## WHAT YOU ARE ASKED TO DO
Please restate exactly the lines from the one holding "WAG-Summit-2018-wellness-day_wellness-day.jpg" to the end of the material, including both ends and excluding every picture.

## INFORMATION PROVIDED
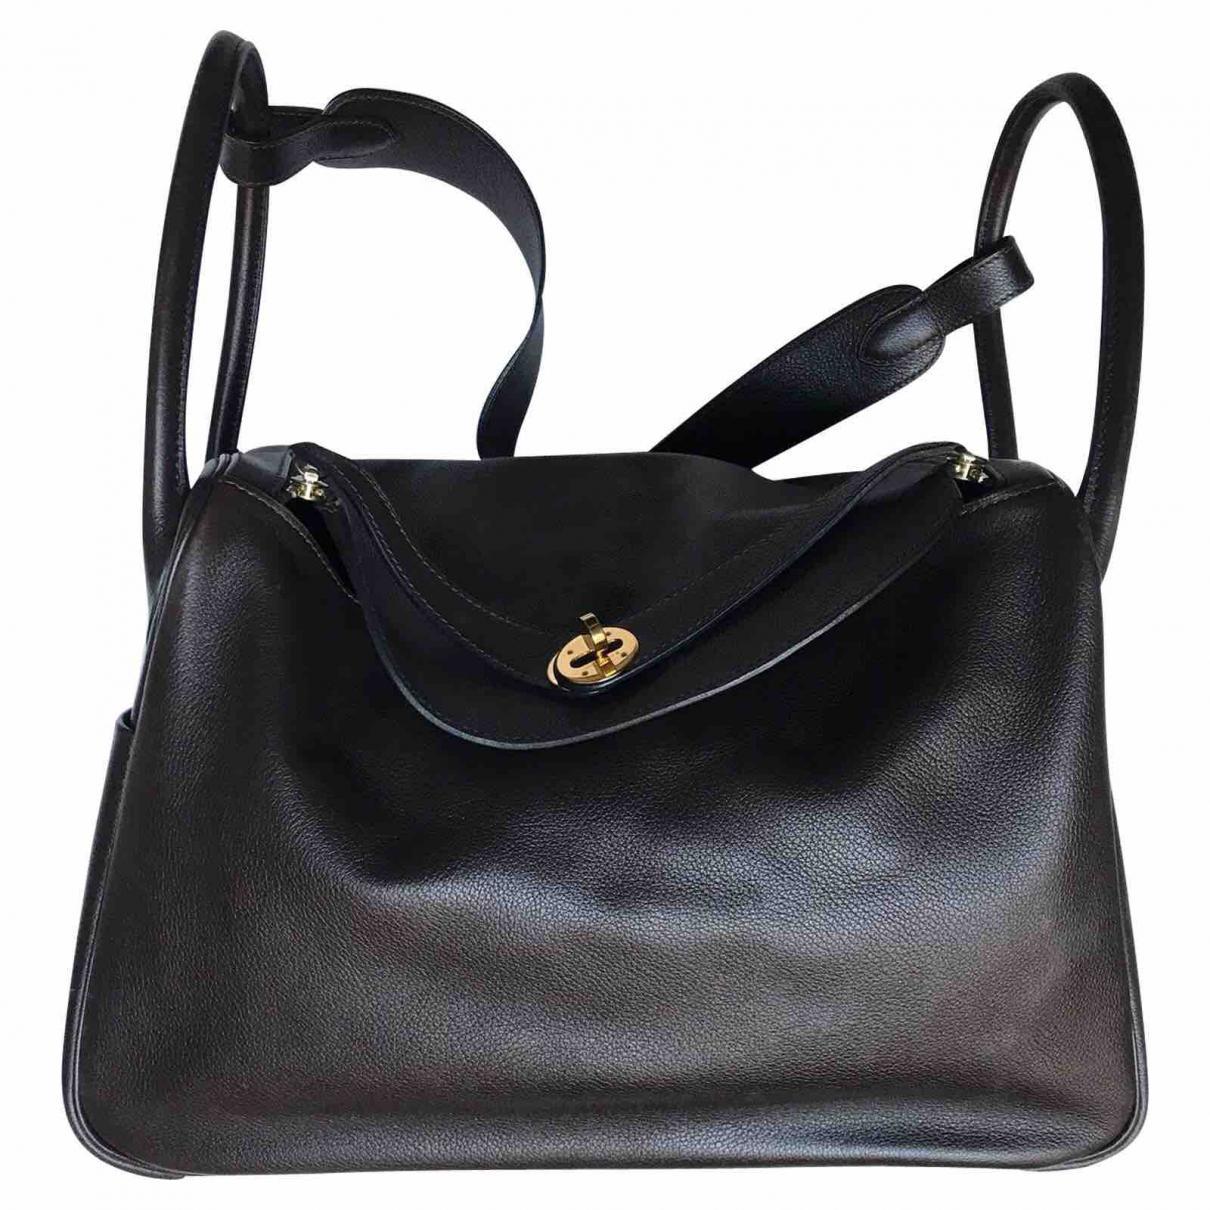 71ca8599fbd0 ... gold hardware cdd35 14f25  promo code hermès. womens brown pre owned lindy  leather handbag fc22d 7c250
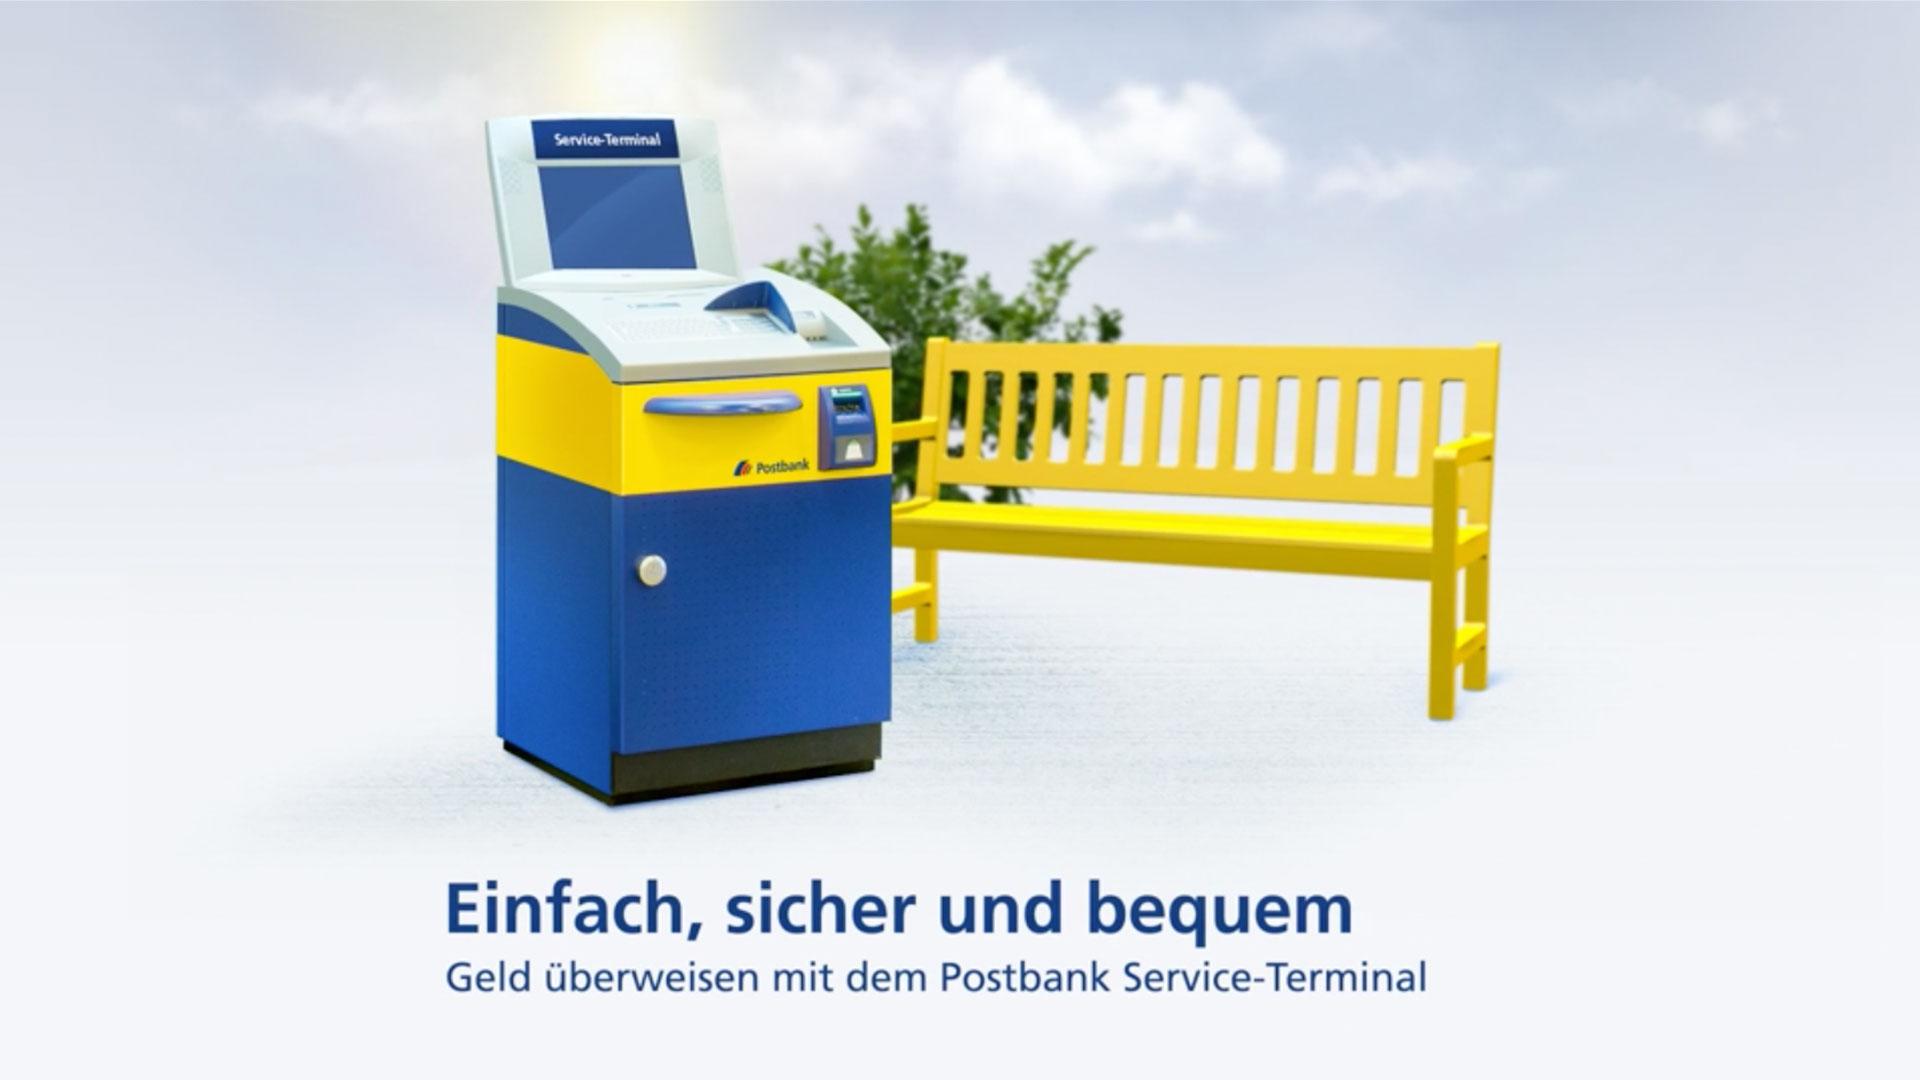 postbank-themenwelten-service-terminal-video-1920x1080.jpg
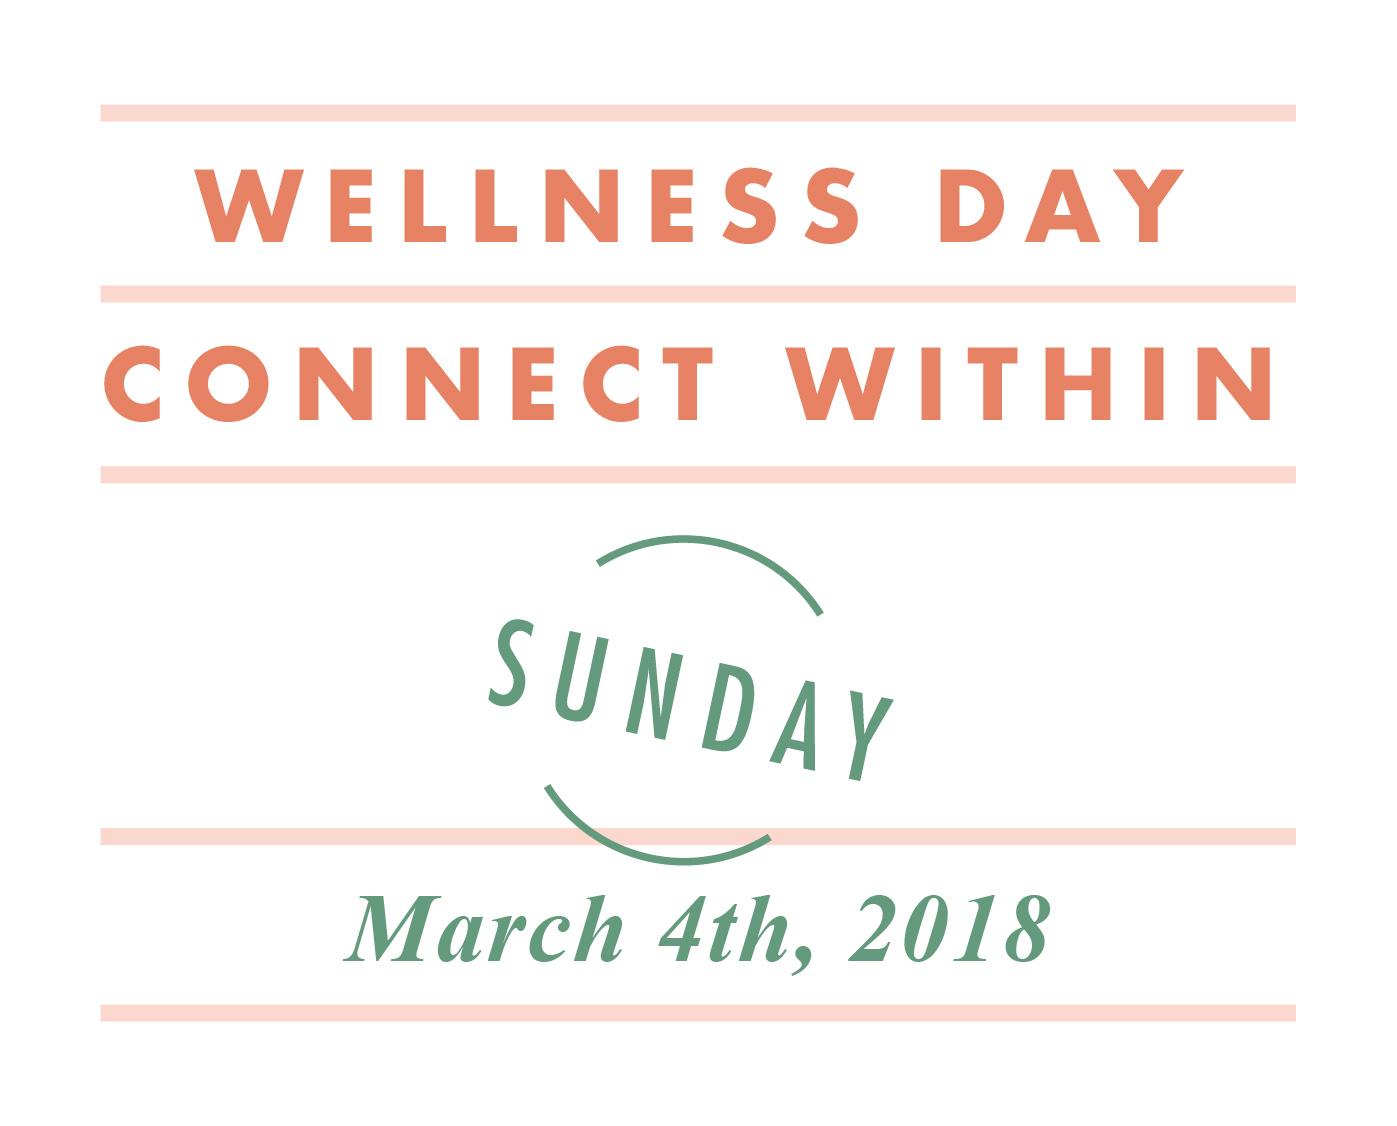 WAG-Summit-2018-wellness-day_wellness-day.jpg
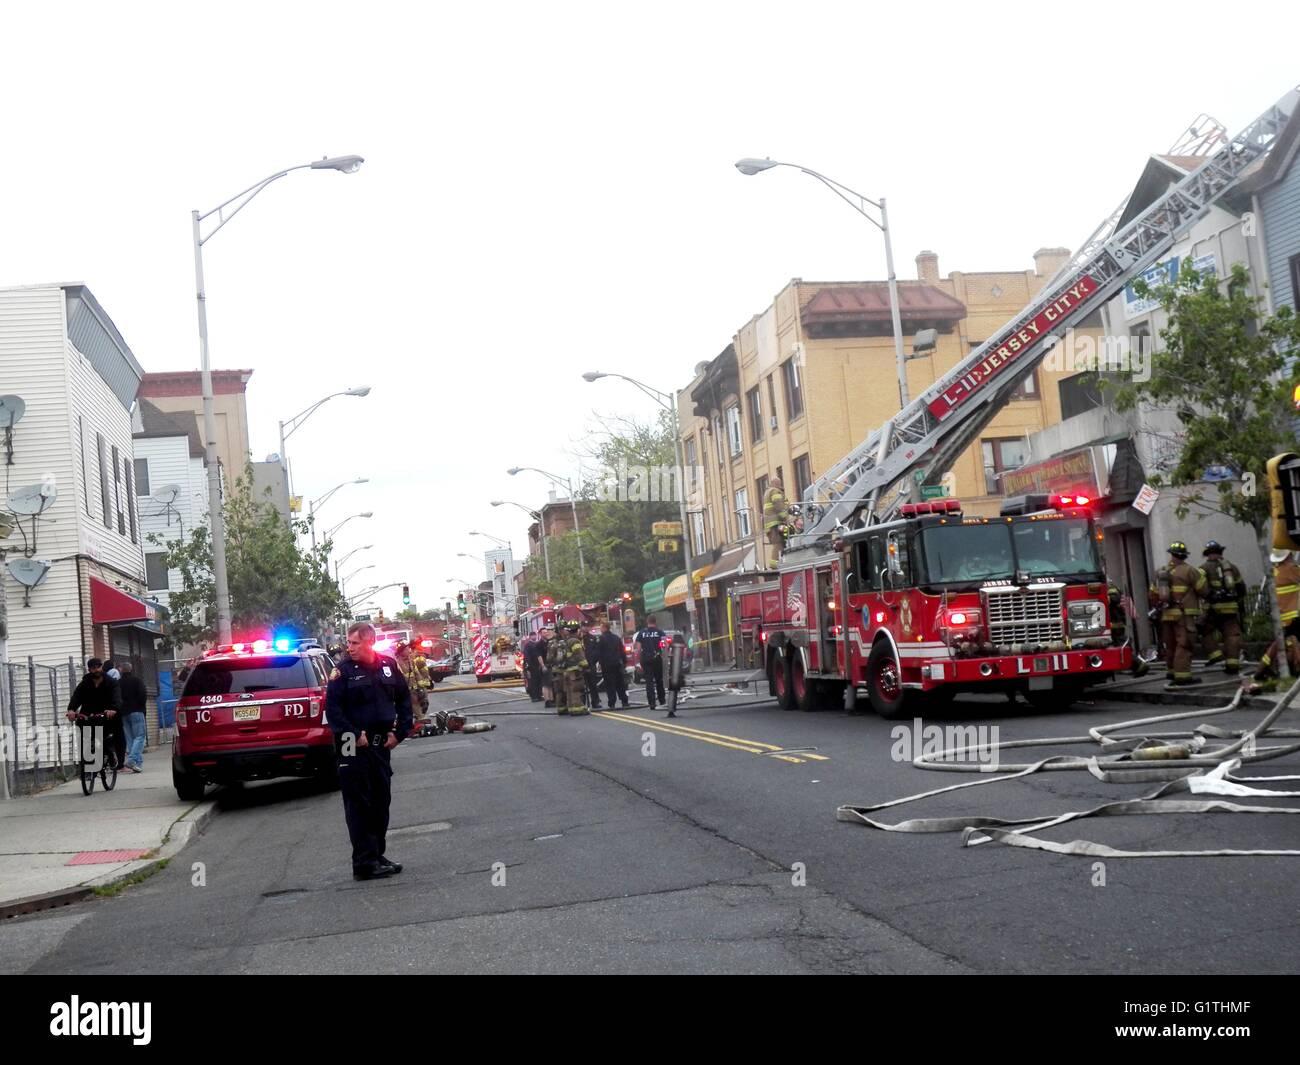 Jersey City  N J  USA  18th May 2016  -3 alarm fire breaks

## SOLUTION FOR THIS TASK
 WAG-Summit-2018-wellness-day_wellness-day.jpg
 Jersey City  N J  USA  18th May 2016  -3 alarm fire breaks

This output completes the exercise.